О женщинах и соли - Габриэла Гарсиа
Шрифт:
Интервал:
Закладка:
— Майделис, я думаю, он прав. — Джанетт наклоняется с заднего сиденья и кладет руку мне на плечо. — Но это сейчас неважно, делать-то что?
Я выхожу из машины и захлопываю дверцу. Я слышу голос Джанетт, когда шагаю по грязи в своих chancletas[69] к кафешке. Это продолговатое возвышение, выкрашенное шелушащейся синей краской и обросшее клочками травы. Я слышу, как Джанетт спрашивает:
— Куда это она?
Четверо мужчин, смотревших бейсбольный матч, собираются вокруг, чтобы выслушать мою историю. Я — гвоздь программы на сегодняшний день.
— Cońo, — подытоживает смуглый тучный мужчина в резиновых сапогах. — Надо бы узнать, дома ли сеньора Лилия. У нее есть телефон. Она живет в десяти минутах отсюда. — Он встает со стула.

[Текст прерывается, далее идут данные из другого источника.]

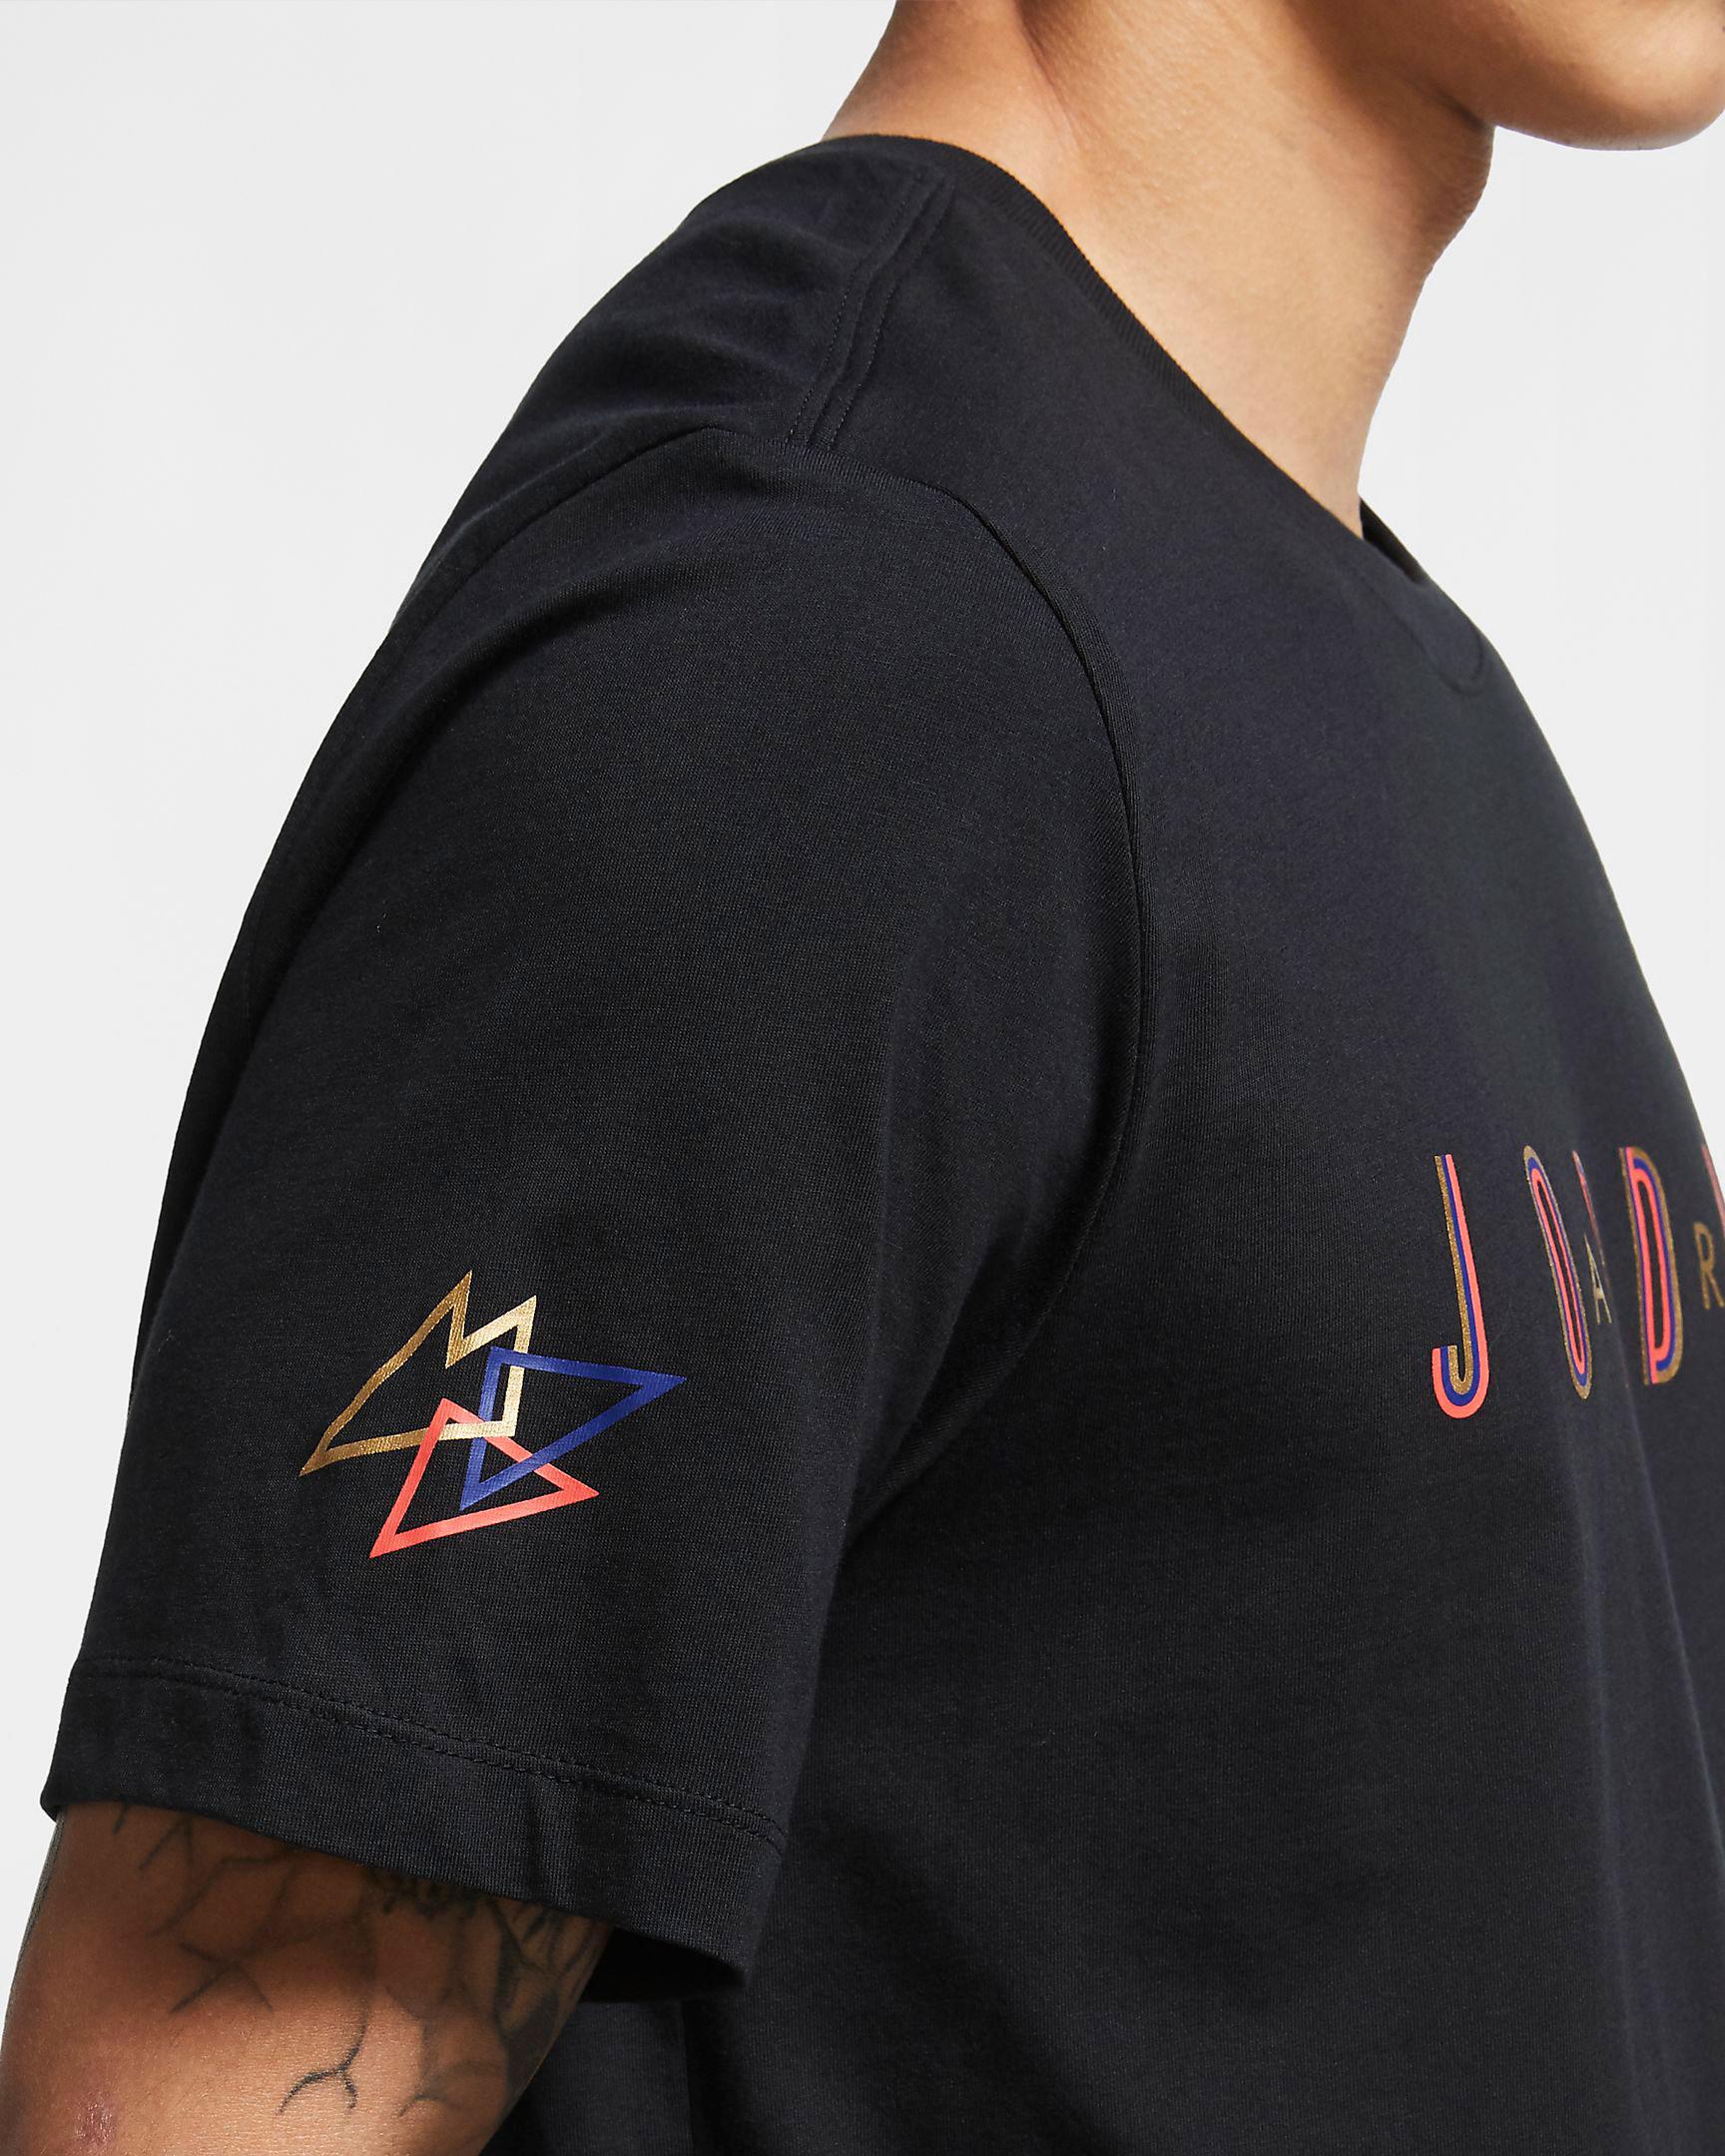 air-jordan-7-greater-china-shirt-match-3

— Постойте, — говорю я. — Мне нужно взять с собой немца. Пусть он разговаривает со службой проката.
— Почему, красавица? Ты сама и поговори с ними по-испански.

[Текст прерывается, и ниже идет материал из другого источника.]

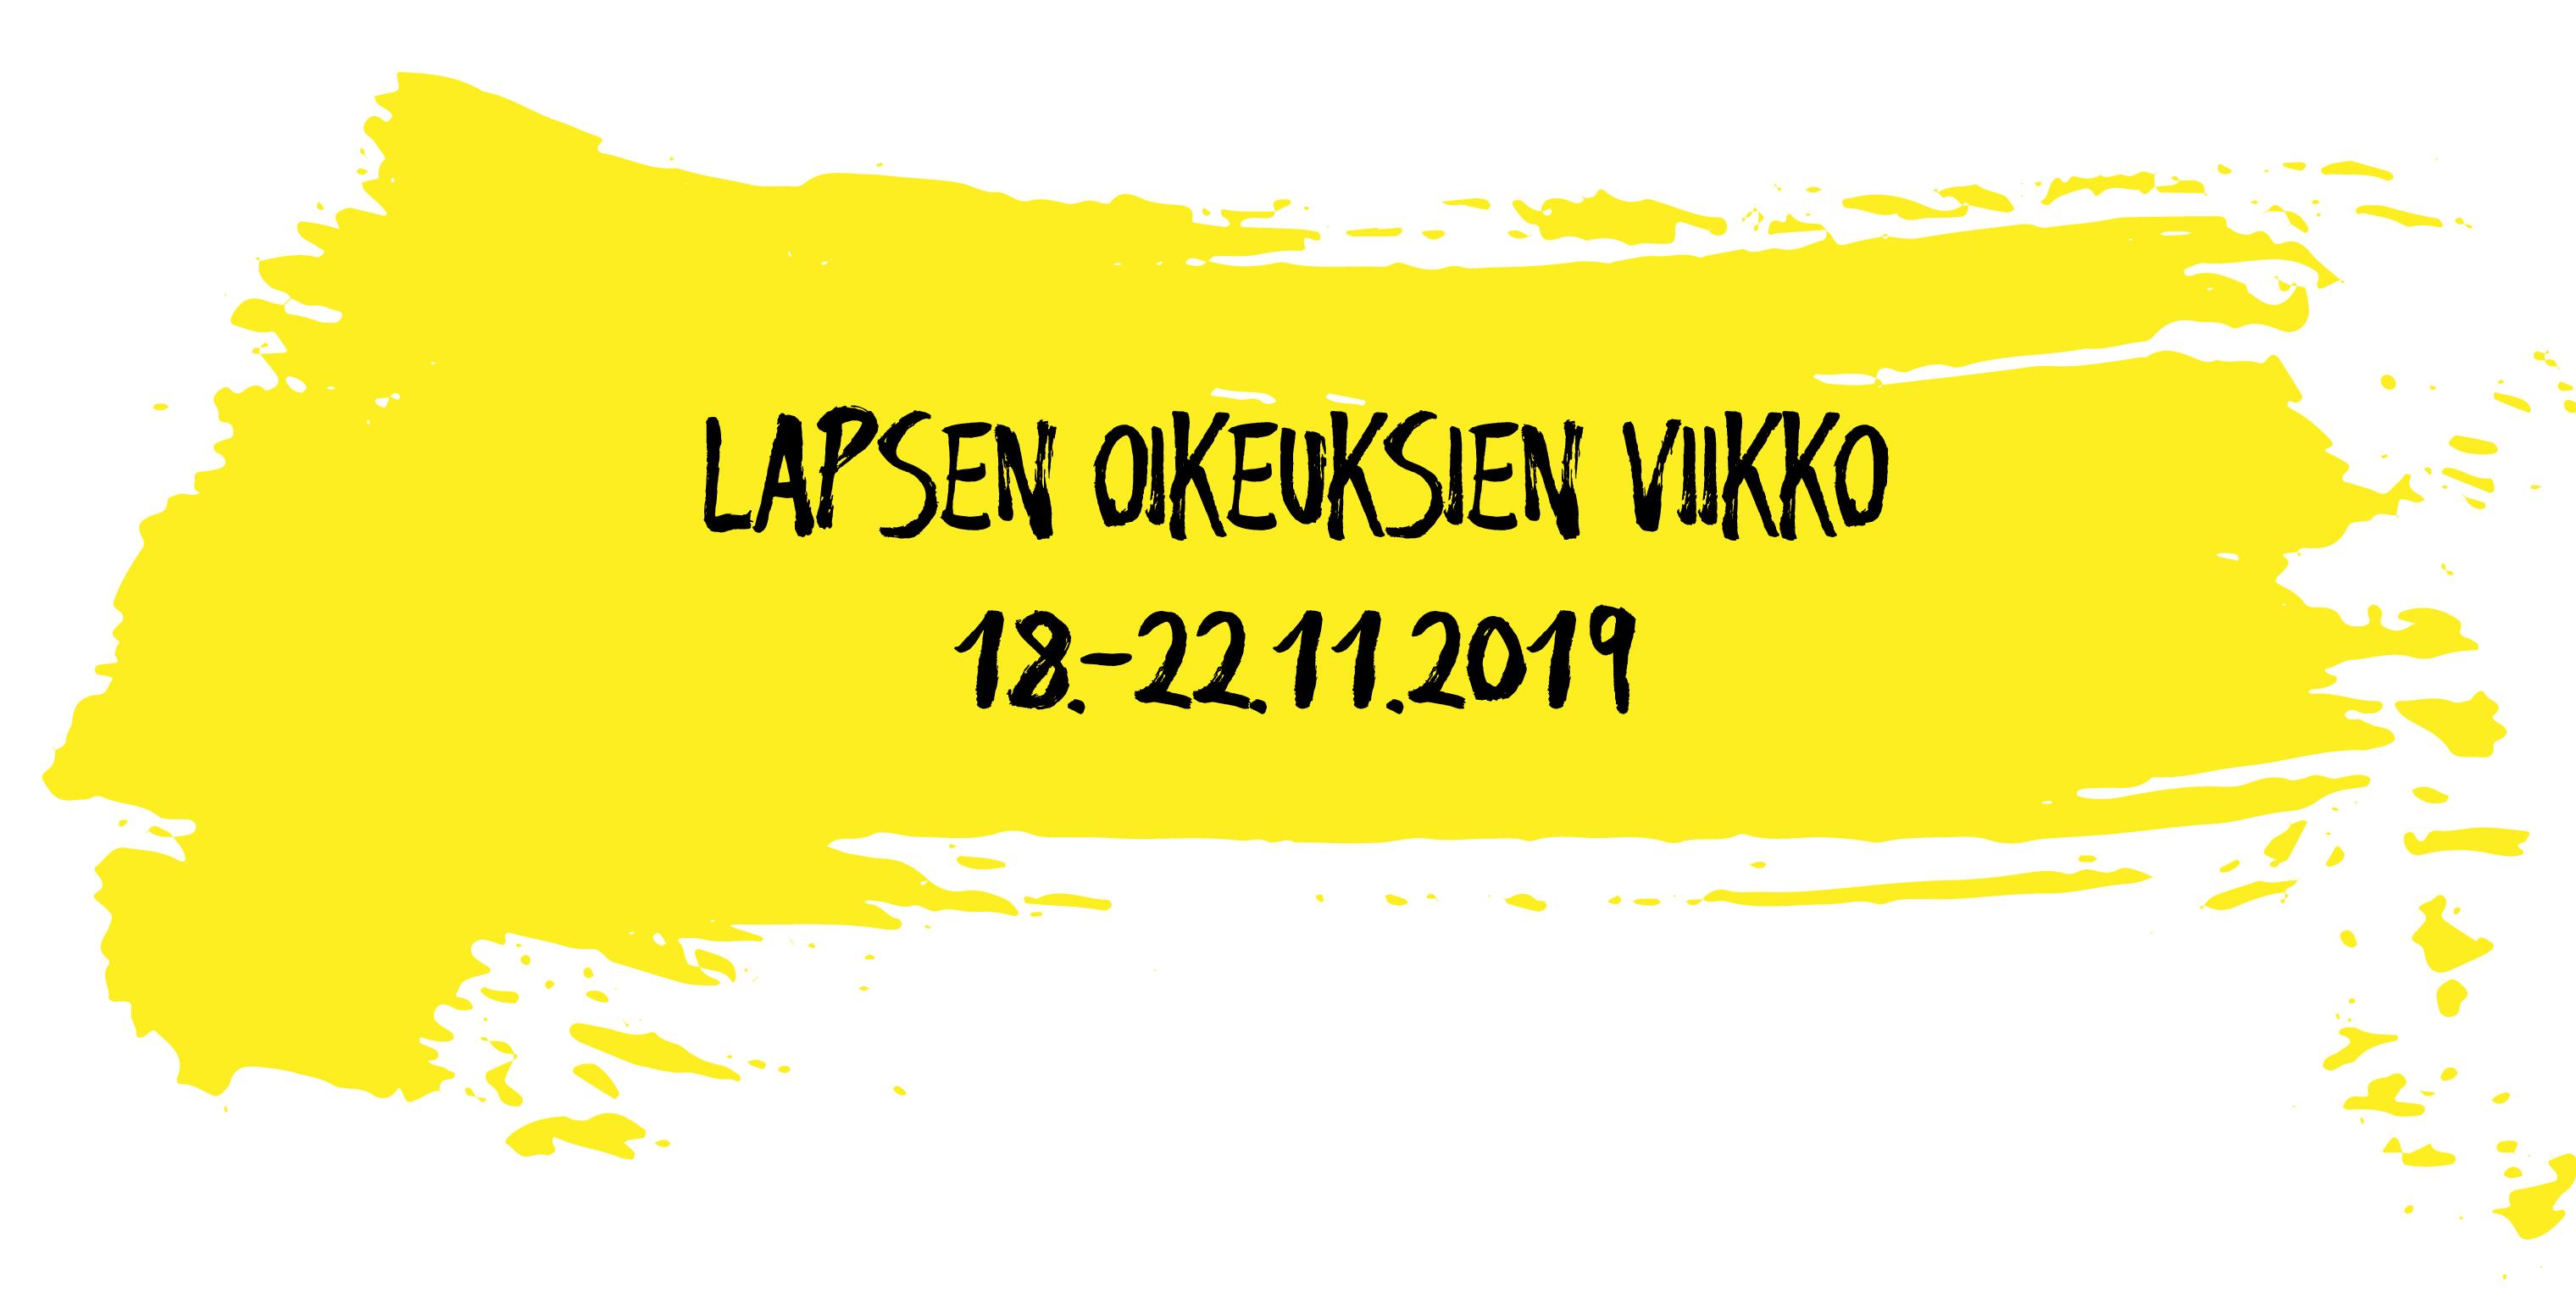 Koulujen Lomat 2021 Oulu

— Нет-нет, он знает английский, — объясняю я. — И в службе проката говорят по-английски.
Уходя, я чувствую, как мужчины смотрят мне вслед. Некоторые города, такие как этот, кажутся неподвижными, как будто время здесь функционирует по-другому, капает через капельницу. Я стучу в окно со стороны водителя, потому что Эль-Алеман заперся в машине. Они с Джанетт изнемогают от жары, их лица влажно блестят. Эль-Алеман чуть приспускает стекло.
— В городе есть один телефон, — говорю я. — В десяти минутах отсюда, в доме местной жительницы. Кто-нибудь из горожан может отвести нас к ней.
— С ума сошла, женщина? — кричит Эль-Алеман.
Глаза Джанетт округляются. Я вижу, как она оживляется. Ее браслеты звенят, когда она скрещивает руки на груди.
— Да ни за что на свете я никуда не пойду с этими типами, — говорит Эль-Алеман. — Это подстава, ты что, не видишь? Сначала они что-то сделали с машиной, а теперь отведут нас к этому «телефону», и там ограбят. — Он бросает свирепый взгляд в сторону кафешки. — Садись, блядь, в машину, — говорит он.
— Нет. — У меня в груди стягивается узел.
— Не нужно говорить с ней, как… — Джанетт выглядит рассерженной.
— У тебя есть идея получше? — спрашиваю я Эль-Алемана. Его лицо становится красным, еще более красным, чем обычно.
Я вижу, как Джанетт ерзает на сиденье и грызет ноготь. Она смотрит на Эль-Алемана, а затем на меня, как будто пытается передать что-то взглядом. Ее губы кривятся.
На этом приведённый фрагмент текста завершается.